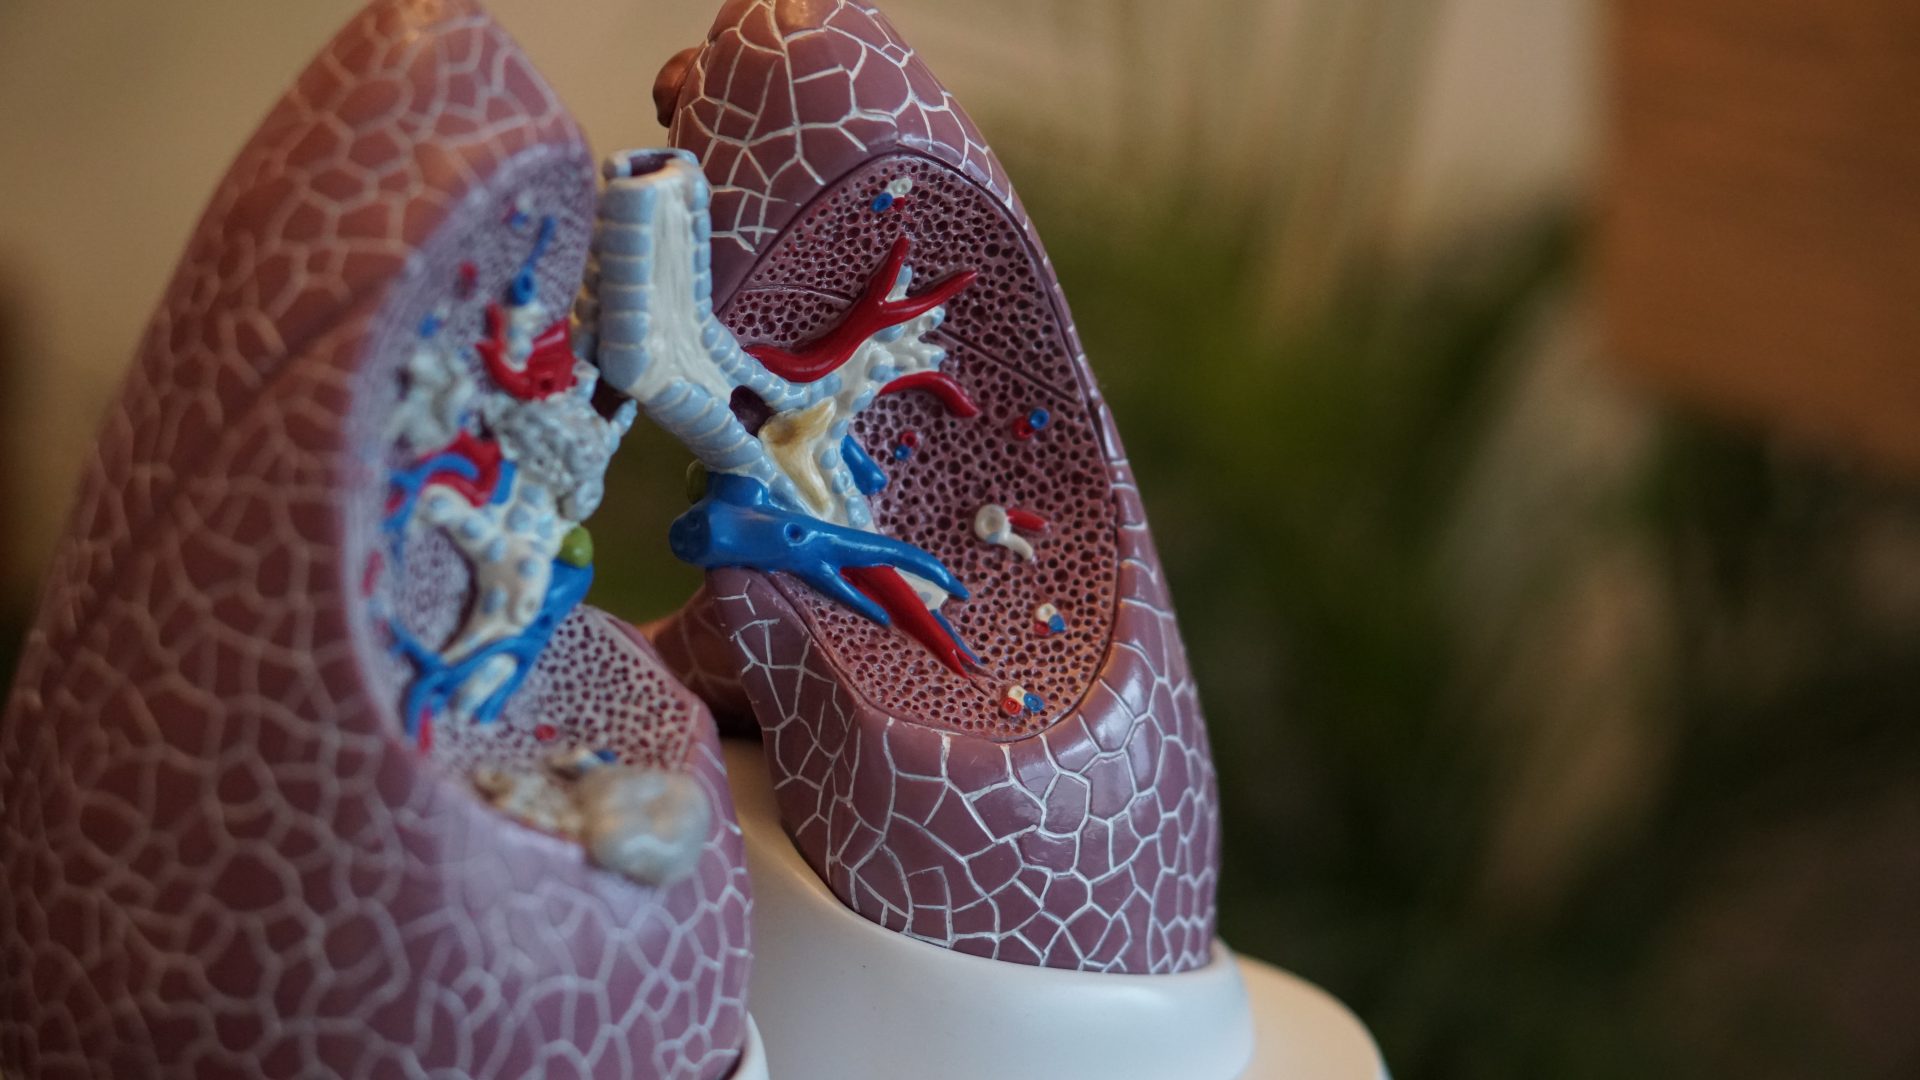 COPD ist eine Lungenkrankheit die vor allem durch das Rauchen begünstigt wird. Bildquelle: © Fabian Moller / Unsplash.com
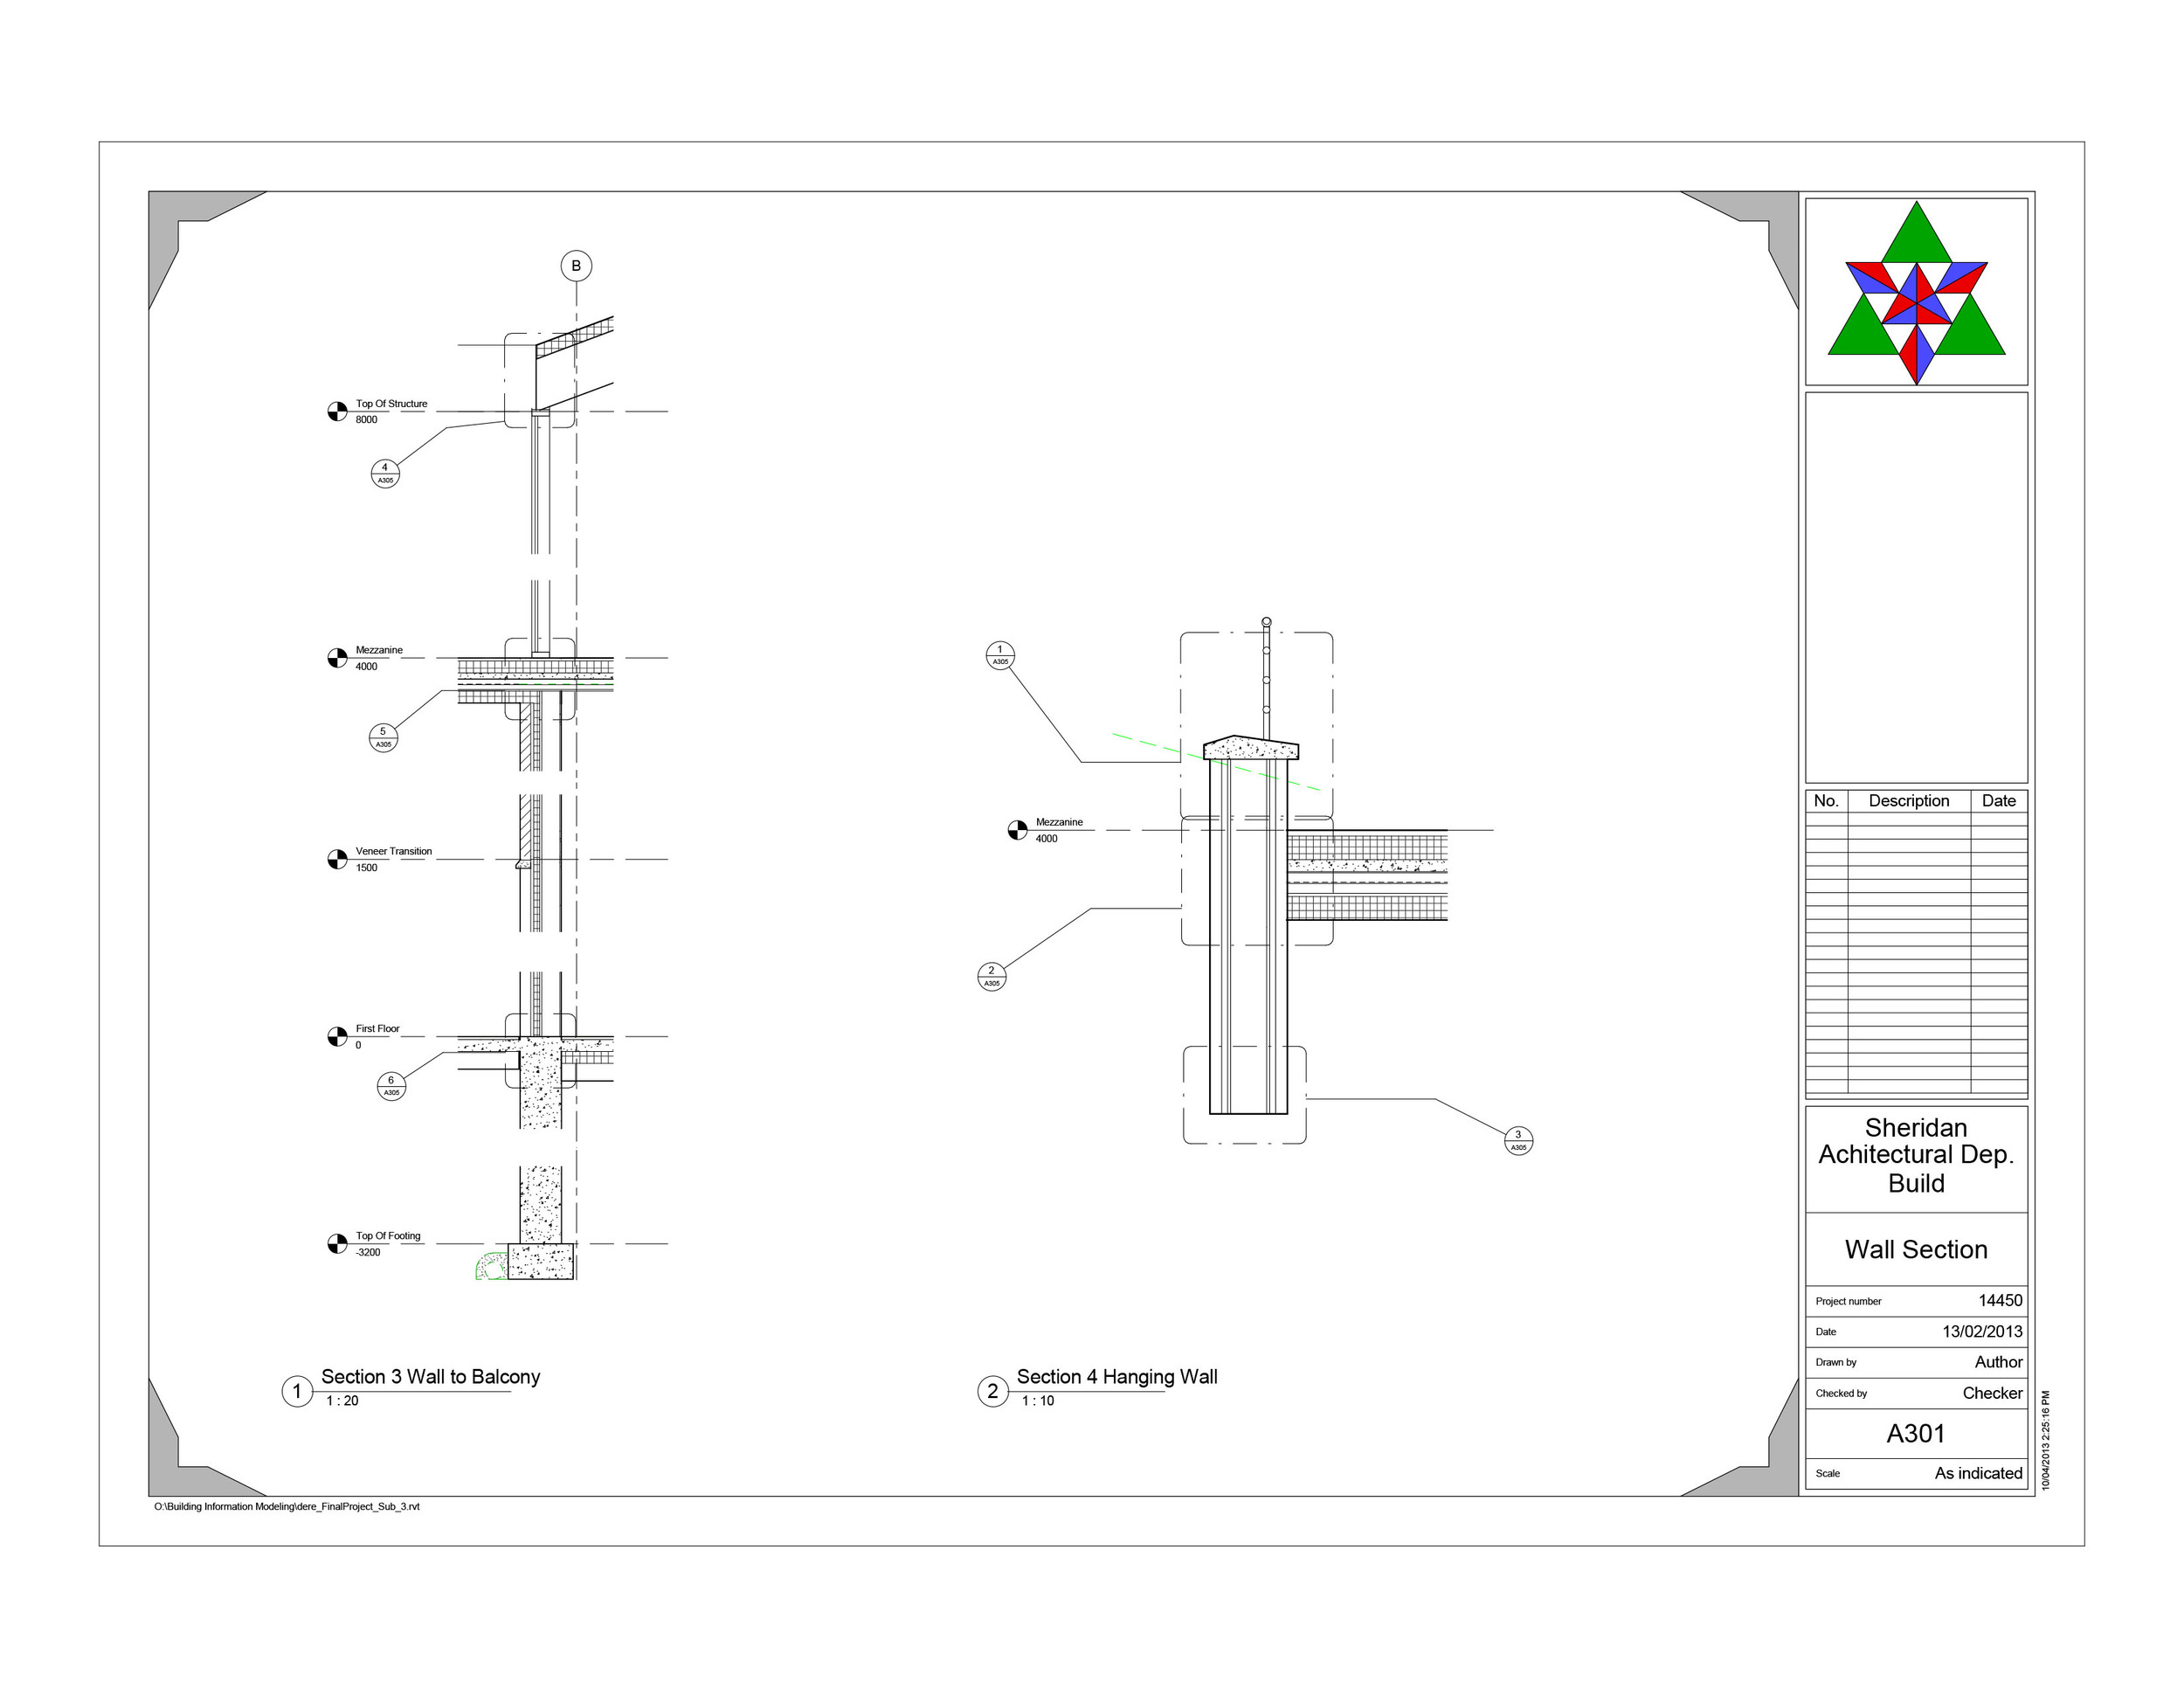 dere_FinalProject  - Sheet - A301 - Wall Section.jpg
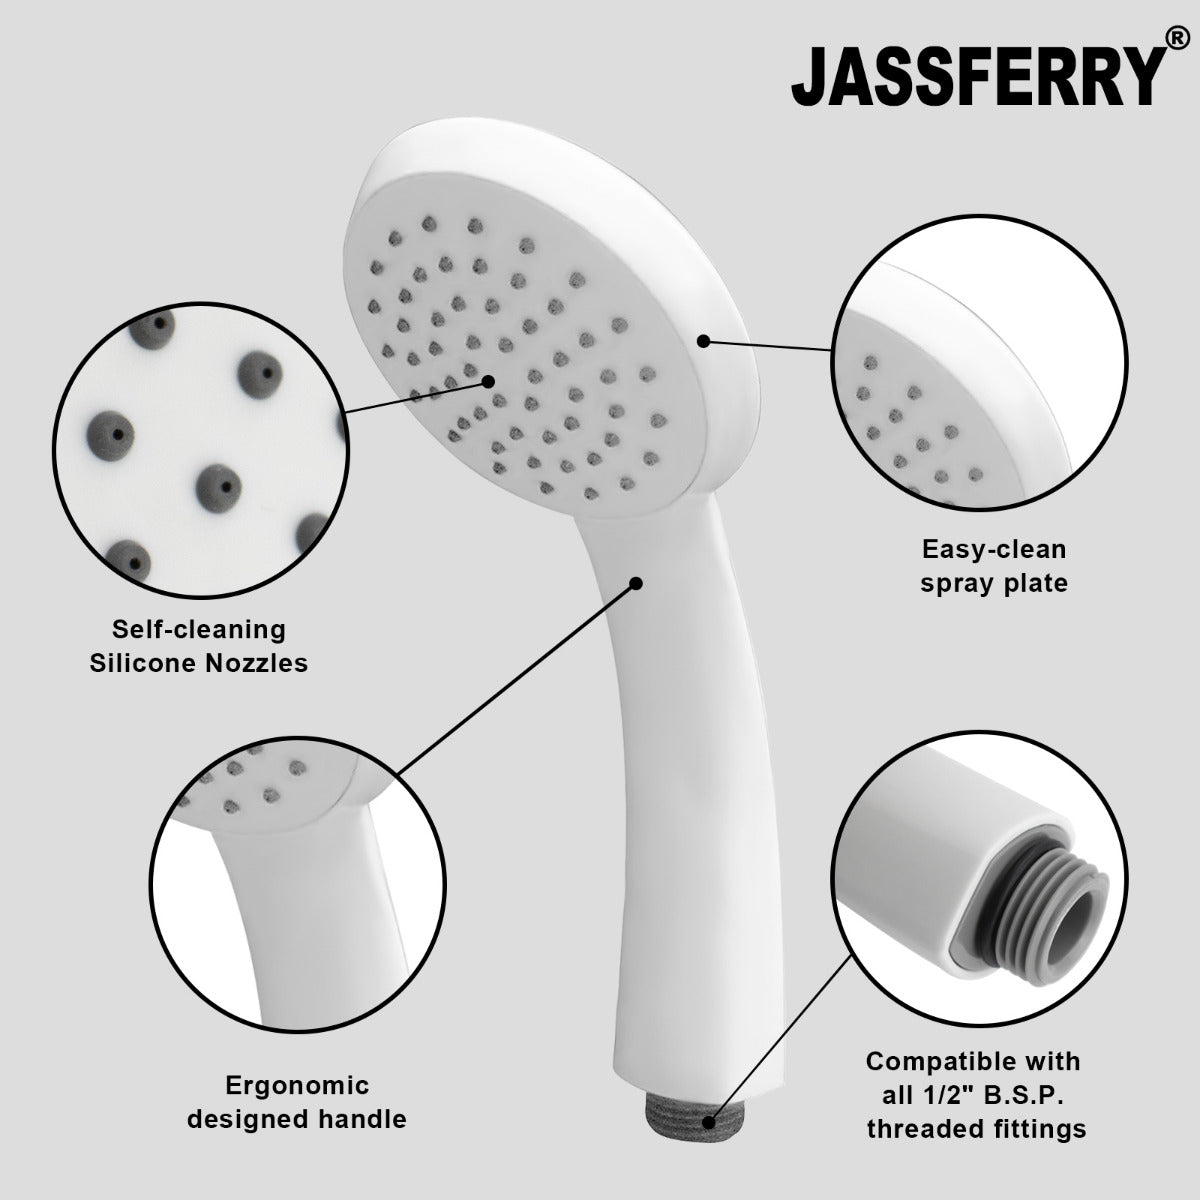 JassferryJASSFERRY White Single Function Handheld Shower Head Replacement Bathroom HandsetShower Heads
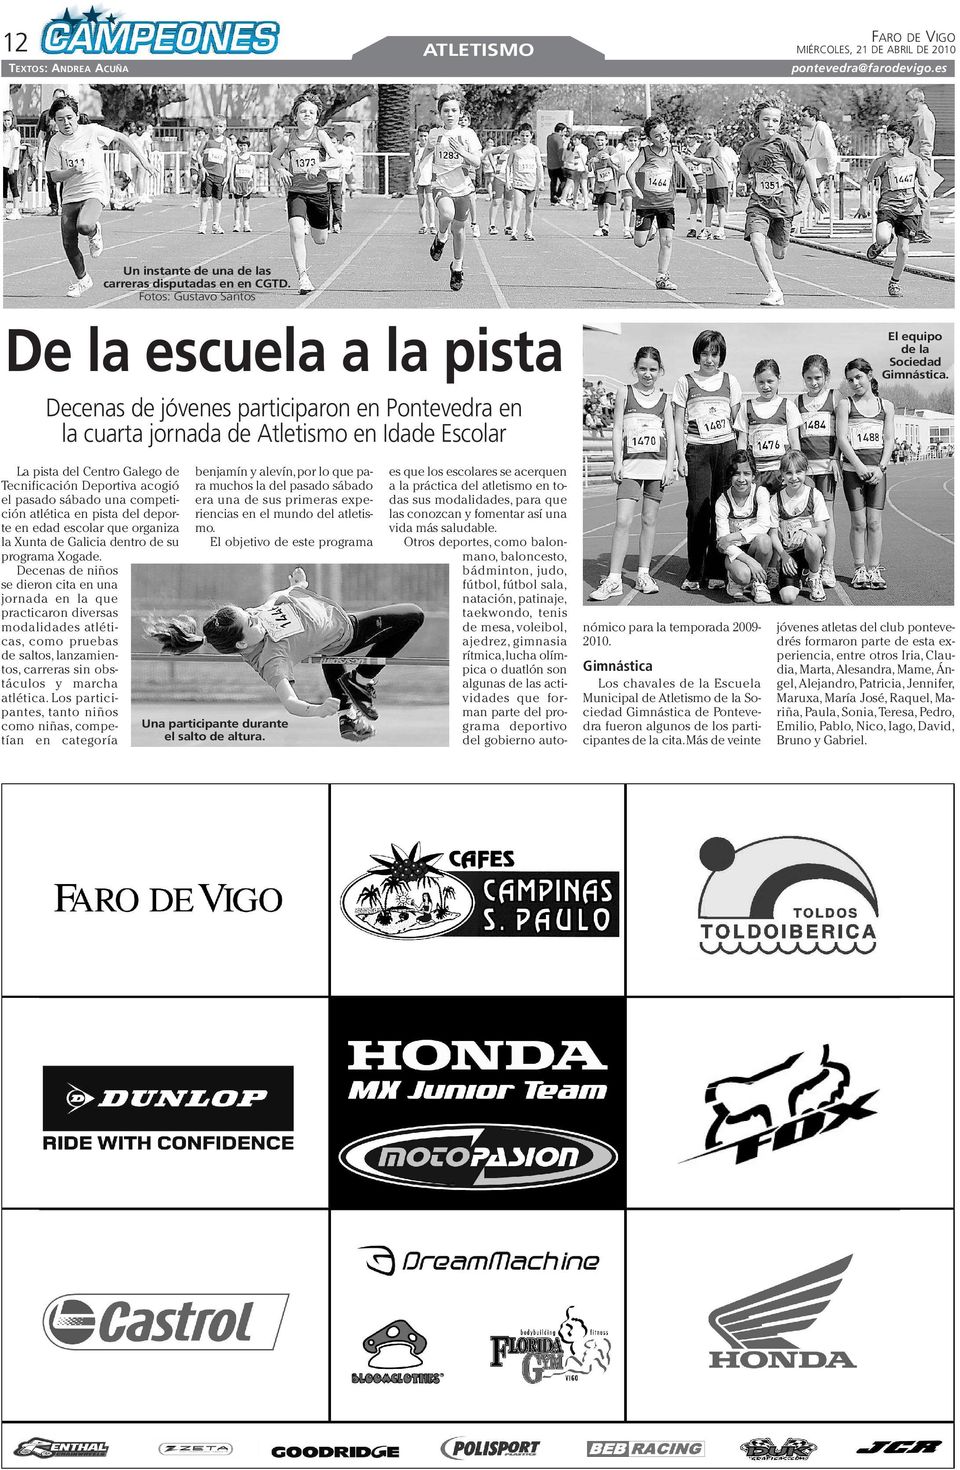 La pista del Centro Galego de Tecnificación Deportiva acogió el pasado sábado una competición atlética en pista del deporte en edad escolar que organiza la Xunta de Galicia dentro de su programa

▬▬▬▬▬▬

* **Your objective**:
Write out the whole listing verbatim, images excluded.

* **Response below**:
 COPD ist eine Lungenkrankheit die vor allem durch das Rauchen begünstigt wird. Bildquelle: © Fabian Moller / Unsplash.com
 dere_FinalProject  - Sheet - A301 - Wall Section.jpg
 JassferryJASSFERRY White Single Function Handheld Shower Head Replacement Bathroom HandsetShower Heads
 La pista del Centro Galego de Tecnificación Deportiva acogió el pasado sábado una competición atlética en pista del deporte en edad escolar que organiza la Xunta de Galicia dentro de su programa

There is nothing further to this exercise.